Hidden Black Holes Finally Found

A host of hidden black holes have been revealed in a narrow region of the sky, confirming astronomers' suspicions that the universe is loaded with many undetected gravity wells.

Black holes cannot be seen directly, because they trap light and anything else that gets too close. But astronomers infer their presence by noting the behavior of material nearby: gas is superheated and accelerated to a significant fraction of light-speed just before it is consumed.

The activity releases X-rays that escape the black hole's clutches and reveal its presence.

The most active black holes eat so voraciously that they create a colossal cloud of gas and dust around them, through which astronomers cannot peer. That sometimes prevents observations of the region nearest the black hole, making it impossible to verify what's actually there.

These hyperactive black holes are called quasars. They can consume the mass of a thousand stars a year and are thought to be precursers to large, normal galaxies. The exist primarily at great distances, seen as they existed when the universe was young.

A few quasars have been identified, but many more are thought to await discovery, based on the total number of X-rays detected in broad sky surveys.

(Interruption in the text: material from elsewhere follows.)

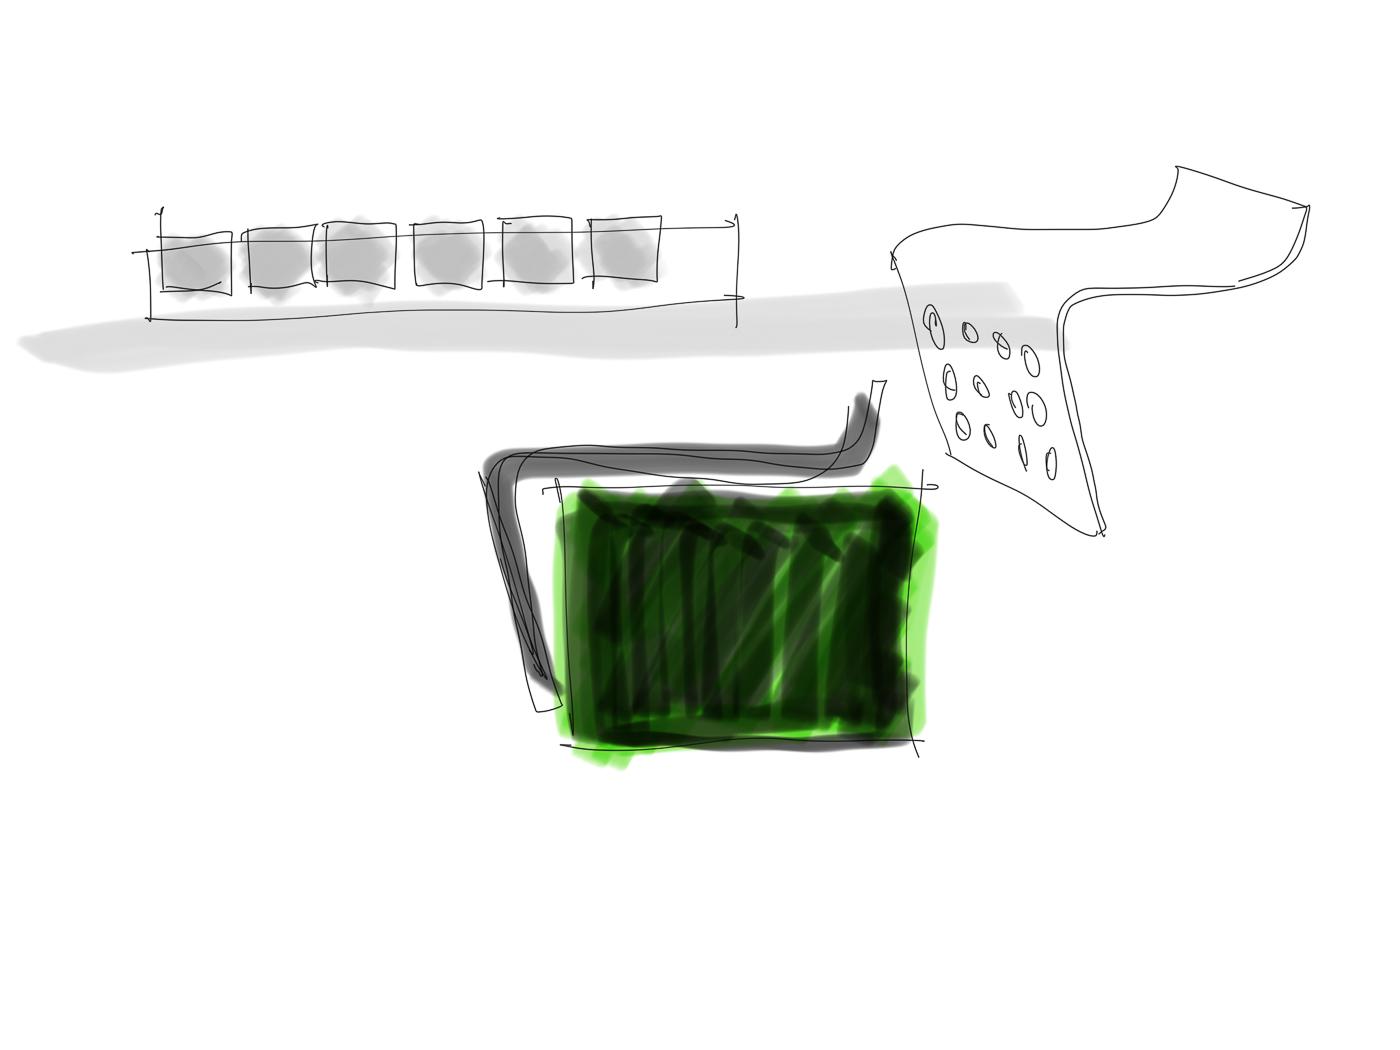 Sketch-11.jpg

"From past studies using X-rays, we expected there were a lot of hidden quasars, but we couldn't find them," said study leader Alejo Mart'nez-Sansigre of the University of Oxford, England.

New observations with NASA's Spitzer Space Telescope cut through dust to spot quasars blocked by their own clouds, as well as other quasars hidden inside galactic dust.

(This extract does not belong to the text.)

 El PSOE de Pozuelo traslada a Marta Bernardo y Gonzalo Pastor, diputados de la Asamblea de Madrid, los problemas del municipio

Spitzer records infrared light, which penetrates dust. It found 21 quasars in a small patch of sky.

"If you extrapolate our 21 quasars out to the rest of the sky, you get a whole lot of quasars," said study team member Mark Lacy of the Spitzer Science Center at the California Institute of Technology. "This means that, as suspected, most super-massive black hole growth is hidden by dust."

The results are detailed in the Aug. 4 issue of the journal Nature.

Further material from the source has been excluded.